The model predicted no ALT elevations >3x ULN in healthy volunteers at therapeutic doses. In the simulated MAFLD population, mild increases in ALT elevation frequency above placebo were observed across all fezolinetant groups. A single Hy's Law case was predicted in the MAFLD population at doses of 45 and 60 mg once daily. The model indicated this predicted case could be mitigated by incorporating mitochondrial biogenesis effects. Safety and tolerability data from clinical populations were not reported in this simulation.

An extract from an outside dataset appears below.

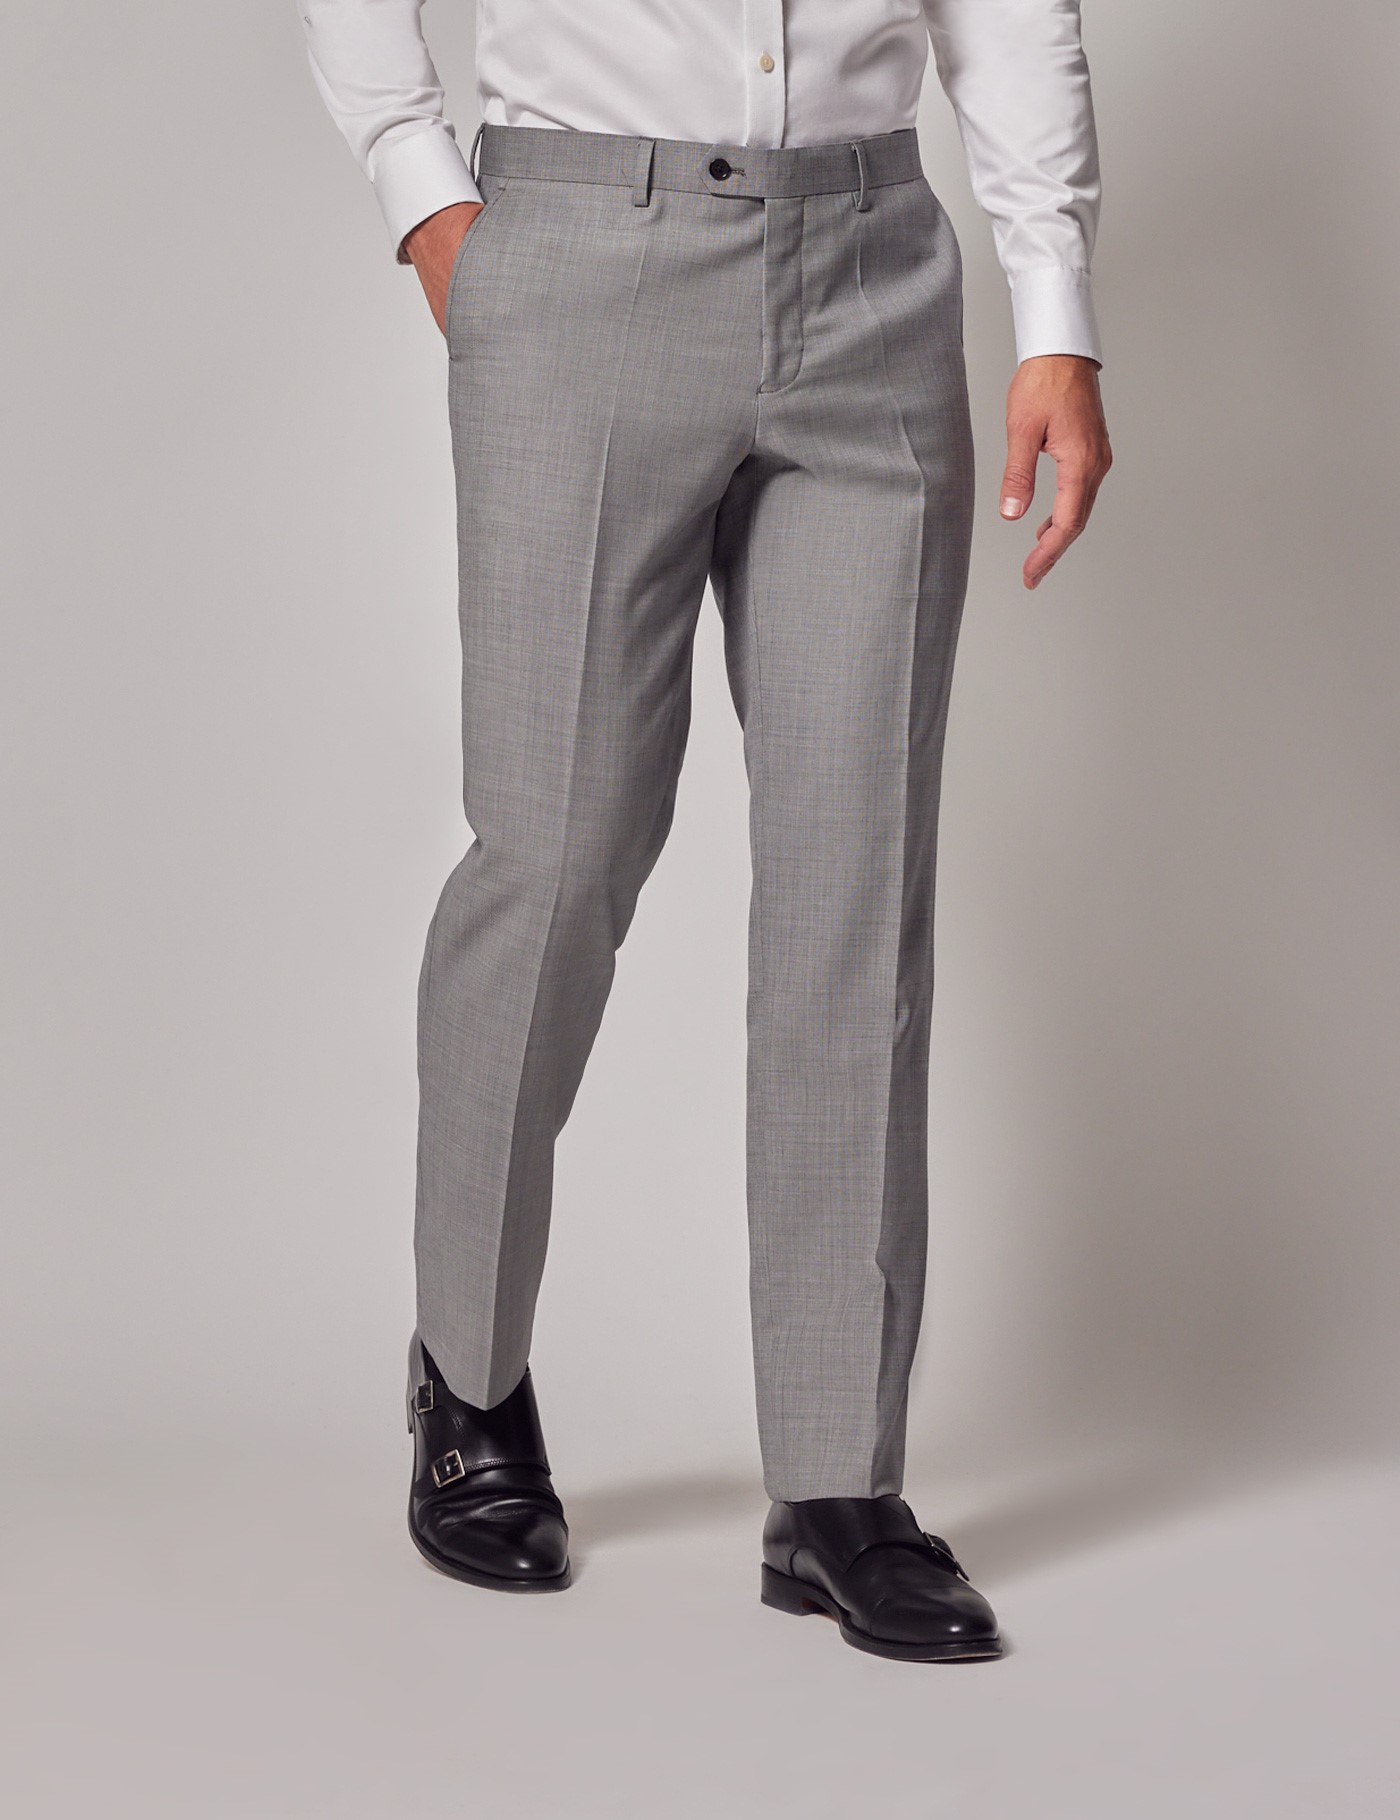 mens grey dress pants
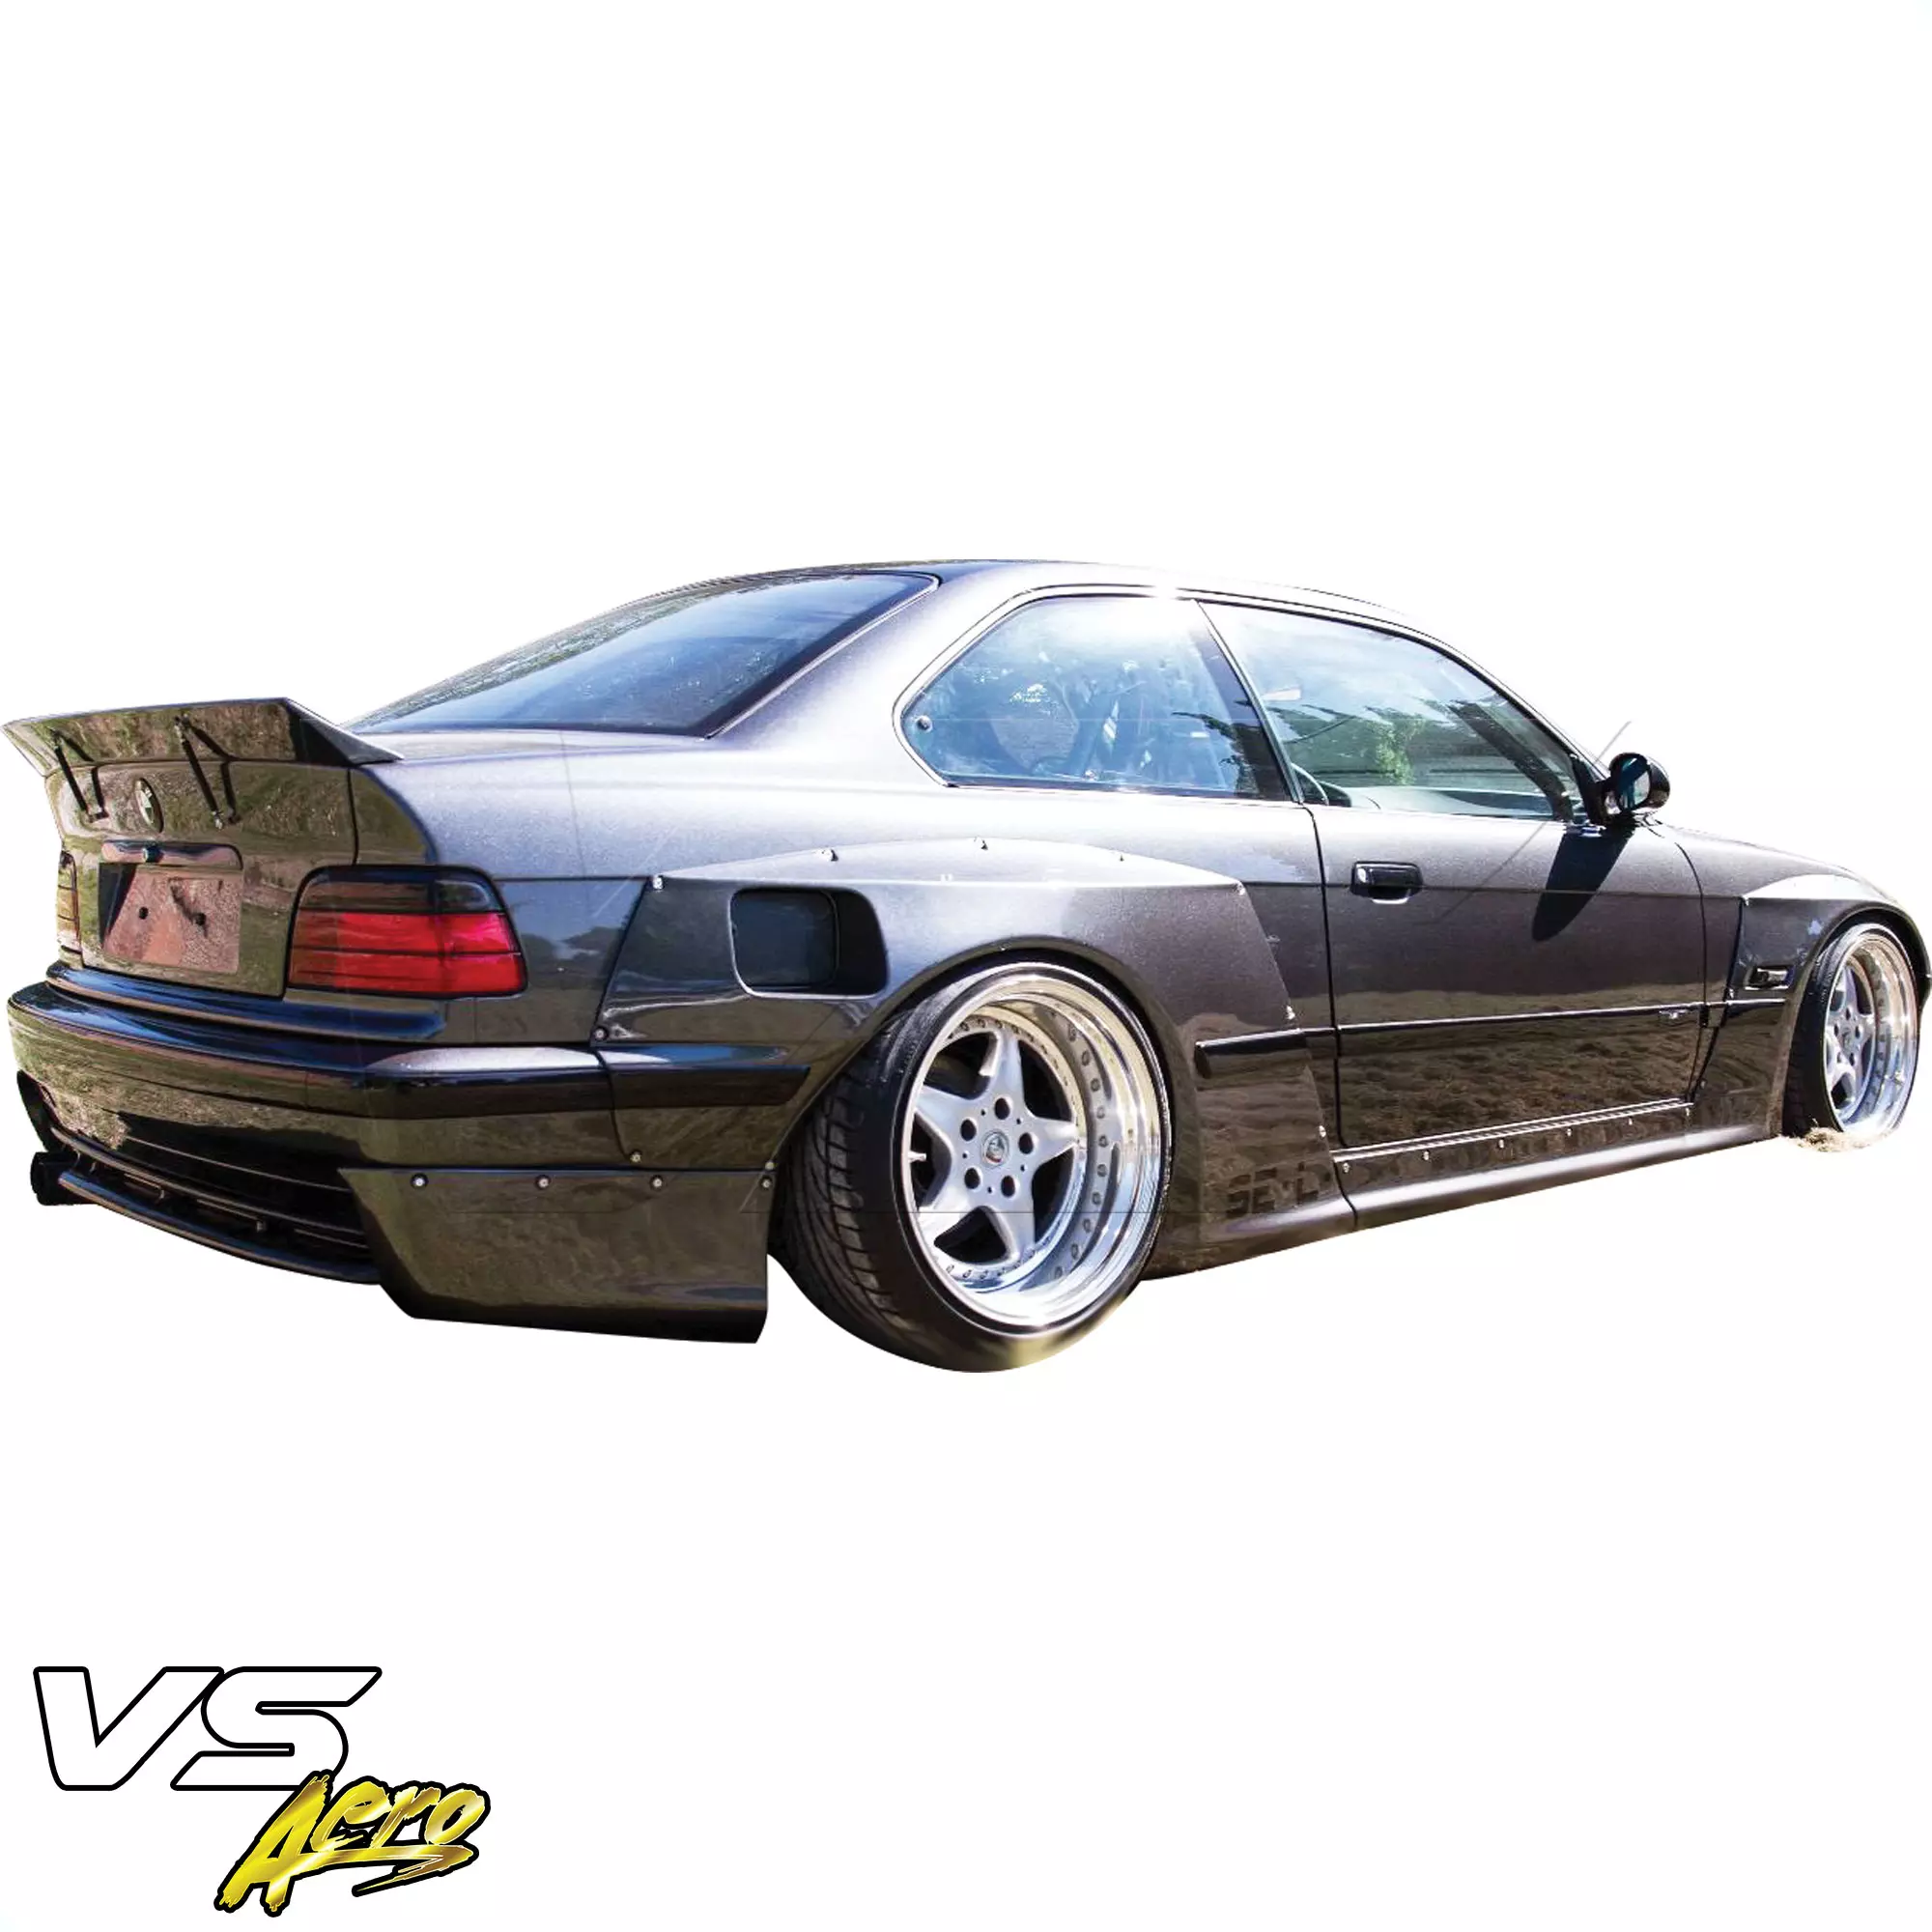 VSaero FRP TKYO Wide Body Kit 12pc w Wing > BMW 3-Series 325i 328i E36 1992-1998 > 2dr Coupe - Image 61

This study has significant limitations as it presents computational predictions rather than clinical trial data. The sample size and follow-up duration for the simulations were not reported. The modeling indicated a dose-dependent relationship between fezolinetant exposure and hepatotoxicity, primarily through electron transport chain inhibition. According to the authors, these predictions aided discussions on dose selection for phase 3 studies, which later confirmed acceptable liver safety at 30 and 45 mg QD doses.

Study Details

Study typePhase2
EvidenceLevel 3
PublishedApr 2026
View Original Abstract ↓
Fezolinetant is a first-in-class, selective, non-hormonal, neurokinin 3 receptor antagonist that is approved for the treatment of moderate to severe vasomotor symptoms due to menopause. In a phase 2b clinical study (n = 352), nine study participants experienced elevations in serum transaminases exceeding three times the upper limit of normal. DILIsym, a quantitative systems toxicology model of drug-induced liver injury, was used to assess the potential hepatotoxicity of fezolinetant prior to initiating phase 3 trials. In vitro toxicity assays and physiologically-based pharmacokinetic estimates of fezolinetant and primary metabolite exposure were leveraged to simulate the incidence of hepatotoxicity for various fezolinetant treatment regimens and virtual simulated populations. DILIsym simulations indicated a dose-dependent relationship between fezolinetant exposure and hepatotoxicity primarily caused by electron transport chain inhibition. At therapeutic doses, no ALT elevations exceeding three times the upper limit of normal were predicted for healthy volunteers. In a metabolic syndrome-associated fatty liver disease (MAFLD) population with compromised mitochondrial function, mild increases in ALT elevation frequency above placebo were observed in all fezolinetant treatment groups and included a single Hy's Law case at 45 and 60 mg once daily. The predicted Hy's Law case in the MAFLD population was mitigated by the incorporation of mitochondrial biogenesis. These predictions aided discussions with internal and external stakeholders regarding dose selection and initiation of the phase 3 clinical studies. Phase 3 studies were subsequently completed and confirmed the efficacy and acceptable liver safety of fezolinetant at 30 and 45 mg QD, leading to drug approval at 45 mg QD.